There’s a really lovely article in the last issue of Harper’s on Palestinian poet Mahmoud Darwish (thanks for the tip, Matt). It’s not available to non-subscribers, so I’m cutting and pasting. And honestly, Harper’s is a great magazine and this article is just one more reason to
Unbeliever in the impossible:
The poetry of Mahmoud Darwish
By Robyn Creswell
He died of a broken heart, far from home. That is the sentimental version, not entirely untrue. Mahmoud Darwish, widely acknowledged as the national poet of Palestine, died last August following open-heart surgery at a hospital in Houston, Texas. After three days of official mourning in the West Bank, the Palestinian Authority organized a state funeral in Ramallah, where the body was laid to rest. The ceremonies were carried live on Al Jazeera and included eulogies by PA President Mahmoud Abbas and fellow poet Samih al-Qasim. Listening to those speeches—conventionally bombastic and anodyne—one couldn’t help remembering Darwish’s more mischievous imagining of his own funeral in his memoirMemory for Forgetfulness. Written in 1986, the book recounts a single day in Beirut during the summer of 1982, when the Israeli bombardment was especially heavy and death was very much on the poet’s mind. “I want a funeral with an elegant coffin, so I can peek out at the mourners,” Darwish thinks, listening to the bombs drop and savoring the anticipated pleasures of life after death: wreaths of red and yellow roses, a smooth-voiced master of ceremonies, broadcast recordings of his poems. But then, lying in the coffin, he hears the whispers of the bereaved:
“He was a womanizer.” “His clothes were much too fancy.” “The carpets in his house—you’d sink into them up to your knees!” “He had a mansion on the Côte d’Azur, a villa in Spain, and a secret bank account in Zurich.”… “We don’t know if he had a yacht in Greece, but he had enough seashells in his house to build a refugee camp.” “He lied to women.” “The poet is dead and his poems died with him. What’s left of him? His days are over. We’re through with his legend.”11. The titles above are the best and most recent translations of Darwish into English. He has had many different translators, and the quality of these texts is uneven. In the interest of consistency, I have provided my own translations.

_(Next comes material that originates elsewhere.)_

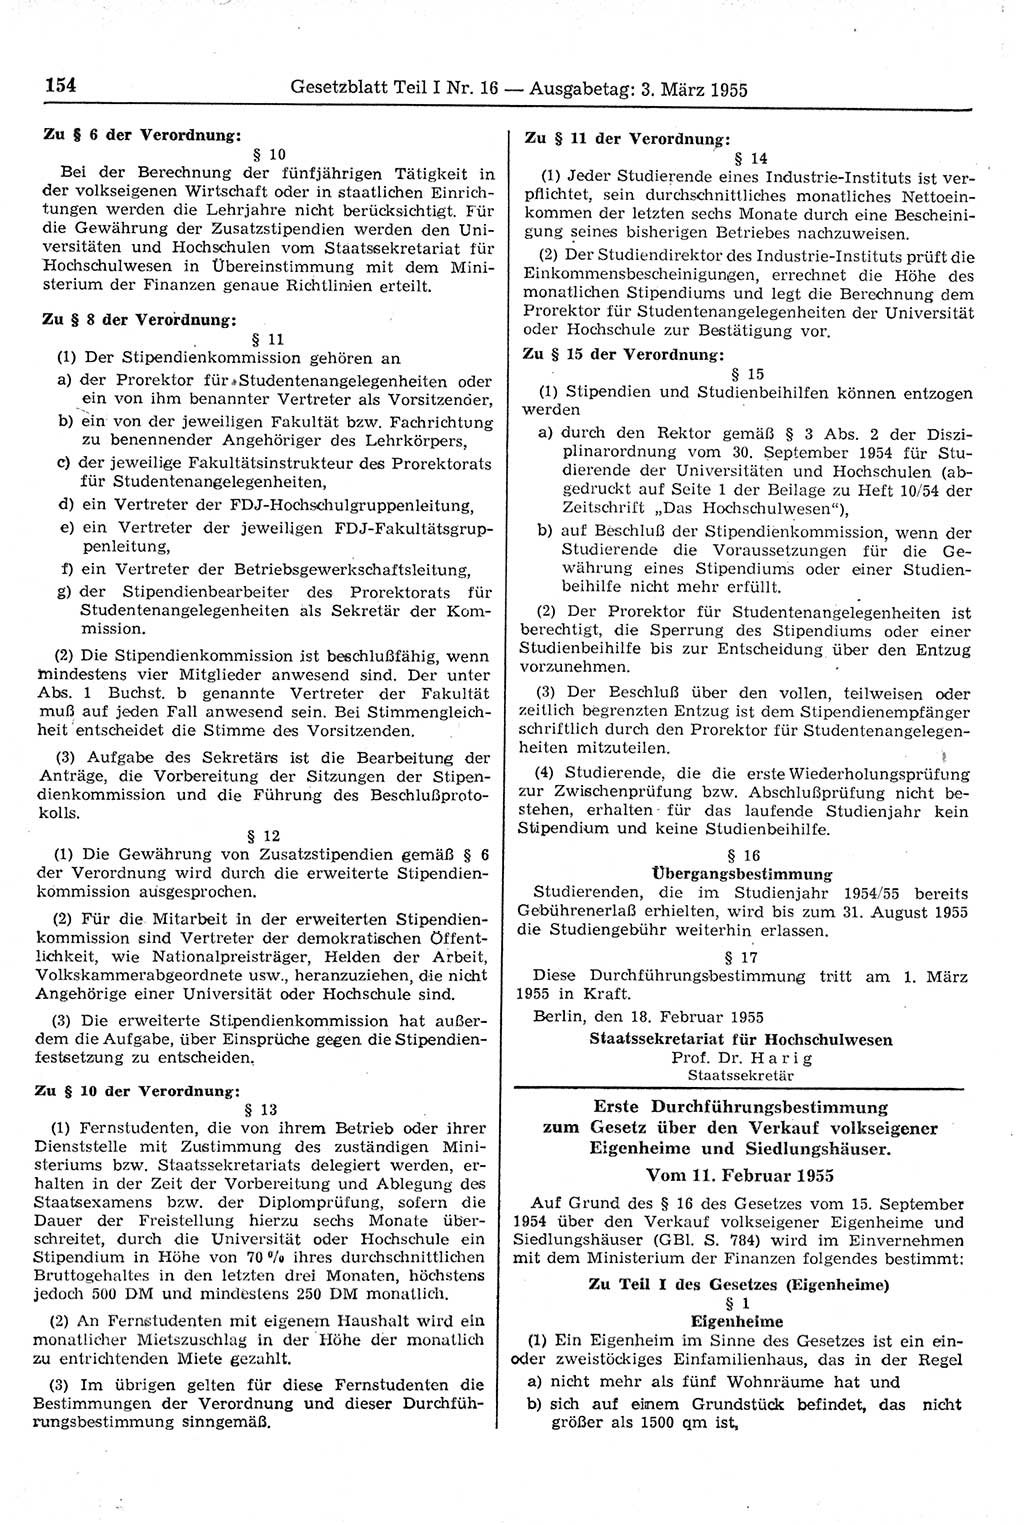 Gesetzblatt (GBl.) der Deutschen Demokratischen Republik (DDR) Teil Ⅰ 1955, Seite 154 (GBl. DDR Ⅰ 1955, S. 154)
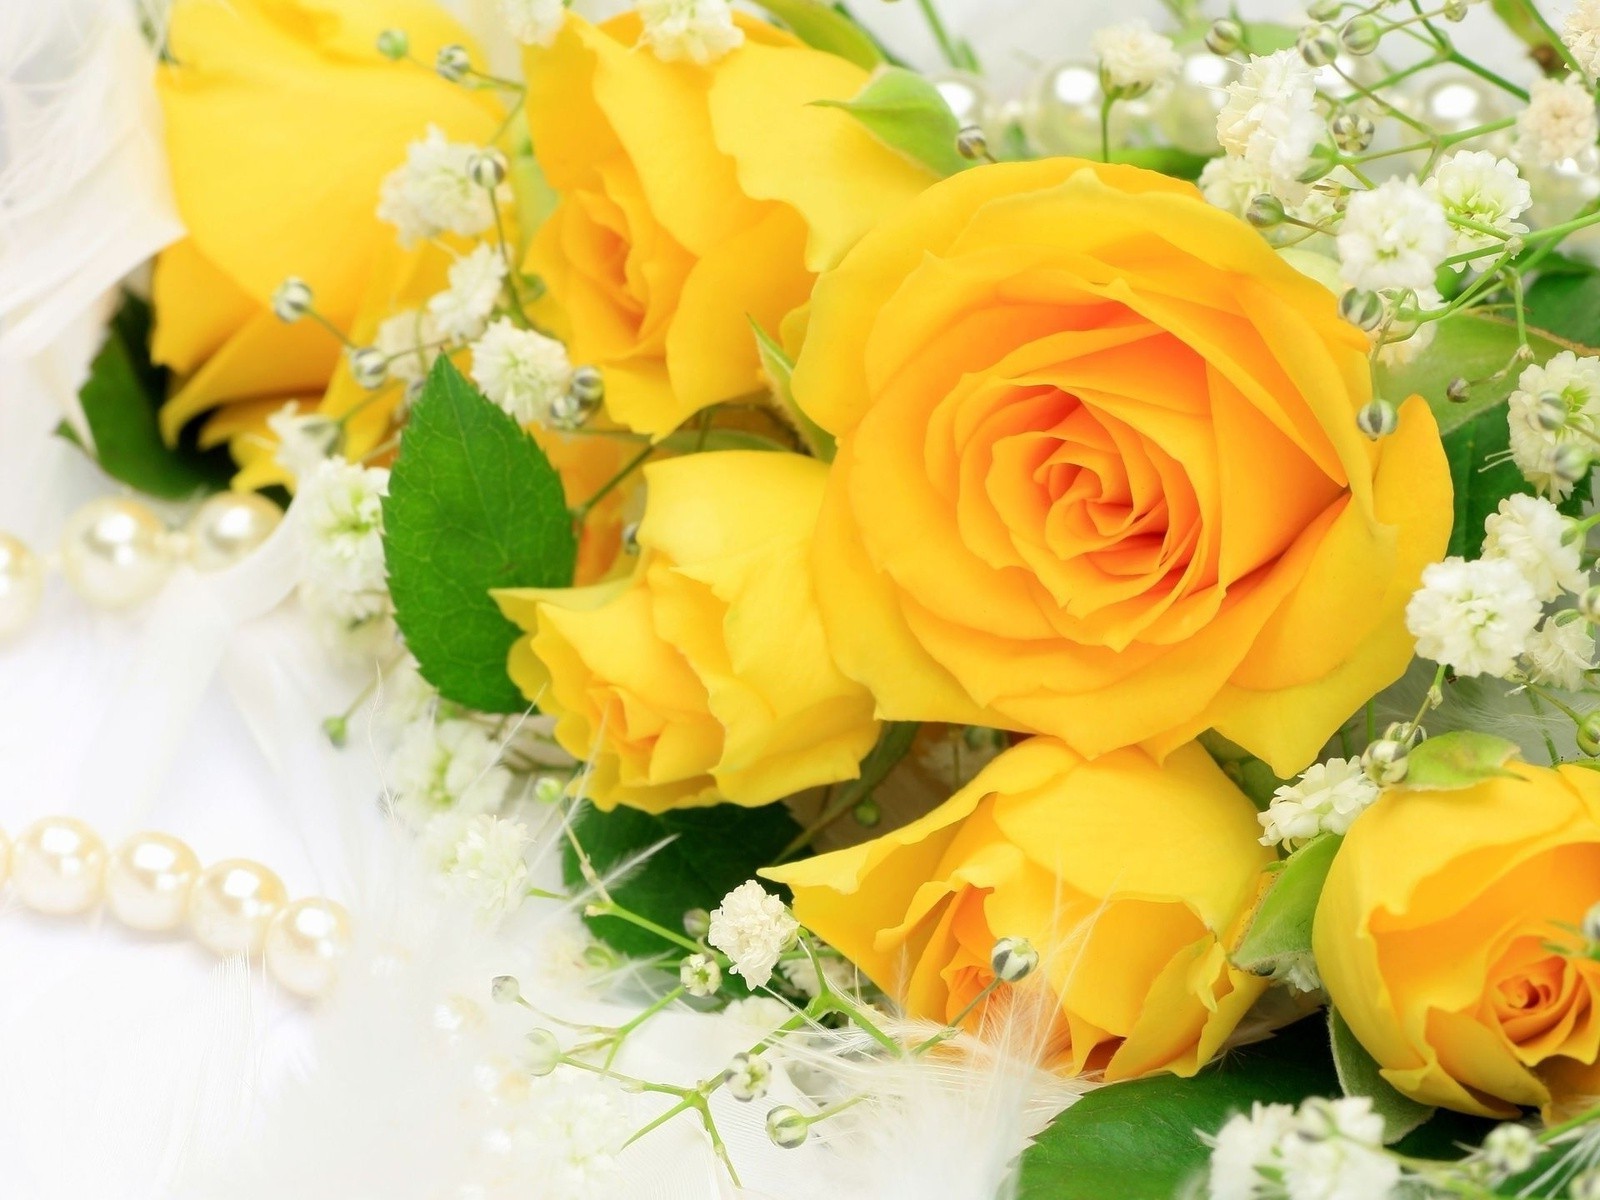 букет цветов свадьба букет роза цветок невеста любовь романтика брак для новобрачных цветочные участие романтический праздник лепесток жених подарок цветочная композиция лист украшения юбилей

Darwish was indeed a legend. He became famous while still very young as “the poet of the resistance”; later on, his books sold in the millions and were translated into dozens of languages; his public readings filled soccer stadiums and his poems were set to music by the Arab world’s greatest performers. But all legends end in gossip. In Darwish’s vignette, the rumormongers strike before the body is even in the ground. Their reproaches are in fact a collection of lies and cruel half-truths. Darwish did not own mansions or yachts, but he was for a long time associated with the Palestine Liberation Organization, whose corruption, by the time Darwish wrote his memoir, was already apparent. He was not a European playboy but was by all accounts, including his own, very fond of women. He left Israel for good in 1971—living in Moscow, Cairo, and Beirut before settling for a long stay in Paris—a departure that some Palestinians, especially those who remained behind, considered a betrayal. He wrote for more than forty years from the heart of a conflict that never left the headlines, and he could escape neither the eulogies nor the resentments, nor his own unsparing self-criticism. What’s left of him, beyond the legends and the gossip, is the poetry.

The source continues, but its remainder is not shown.